*** EXERCISE MATERIAL ***

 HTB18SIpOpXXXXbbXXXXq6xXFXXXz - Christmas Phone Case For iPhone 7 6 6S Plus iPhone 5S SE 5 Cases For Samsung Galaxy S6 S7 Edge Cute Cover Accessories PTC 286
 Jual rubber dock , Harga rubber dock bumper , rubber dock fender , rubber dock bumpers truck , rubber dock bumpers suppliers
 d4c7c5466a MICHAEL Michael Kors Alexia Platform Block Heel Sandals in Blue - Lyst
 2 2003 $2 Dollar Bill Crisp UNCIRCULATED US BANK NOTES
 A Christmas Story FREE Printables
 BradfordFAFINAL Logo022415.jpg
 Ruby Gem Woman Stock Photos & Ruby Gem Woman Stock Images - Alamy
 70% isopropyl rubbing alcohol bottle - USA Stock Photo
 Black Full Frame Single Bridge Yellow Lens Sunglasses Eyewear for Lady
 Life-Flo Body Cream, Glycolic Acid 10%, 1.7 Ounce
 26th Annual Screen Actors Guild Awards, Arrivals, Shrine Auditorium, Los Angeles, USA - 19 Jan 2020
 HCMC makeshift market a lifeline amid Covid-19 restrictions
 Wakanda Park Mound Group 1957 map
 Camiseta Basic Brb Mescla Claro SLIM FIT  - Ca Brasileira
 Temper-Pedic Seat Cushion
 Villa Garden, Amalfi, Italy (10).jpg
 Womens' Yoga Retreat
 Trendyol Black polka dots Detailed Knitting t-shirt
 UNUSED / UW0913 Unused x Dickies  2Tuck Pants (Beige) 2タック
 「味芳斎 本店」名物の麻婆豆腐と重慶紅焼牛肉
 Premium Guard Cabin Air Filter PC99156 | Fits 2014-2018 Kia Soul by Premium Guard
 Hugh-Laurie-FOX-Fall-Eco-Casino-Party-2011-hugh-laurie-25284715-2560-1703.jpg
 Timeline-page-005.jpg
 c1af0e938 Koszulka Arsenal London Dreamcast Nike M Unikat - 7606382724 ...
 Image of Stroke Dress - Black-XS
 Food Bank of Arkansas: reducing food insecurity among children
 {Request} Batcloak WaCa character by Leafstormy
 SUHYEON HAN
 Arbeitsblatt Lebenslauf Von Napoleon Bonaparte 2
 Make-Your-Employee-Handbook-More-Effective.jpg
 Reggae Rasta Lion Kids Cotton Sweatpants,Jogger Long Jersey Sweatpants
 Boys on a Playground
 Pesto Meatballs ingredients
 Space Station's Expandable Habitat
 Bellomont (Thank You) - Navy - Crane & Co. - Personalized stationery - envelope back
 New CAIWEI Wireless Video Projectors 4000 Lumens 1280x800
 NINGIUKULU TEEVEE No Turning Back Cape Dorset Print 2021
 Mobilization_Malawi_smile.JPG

***

* _YOUR TASK_
Beginning at the line with "A Christmas Story FREE Printables" and ending at the line with "Black Full Frame", reproduce each line of the data above exactly, and add no other lines.

* _WRITTEN ANSWER_
 A Christmas Story FREE Printables
 BradfordFAFINAL Logo022415.jpg
 Ruby Gem Woman Stock Photos & Ruby Gem Woman Stock Images - Alamy
 70% isopropyl rubbing alcohol bottle - USA Stock Photo
 Black Full Frame Single Bridge Yellow Lens Sunglasses Eyewear for Lady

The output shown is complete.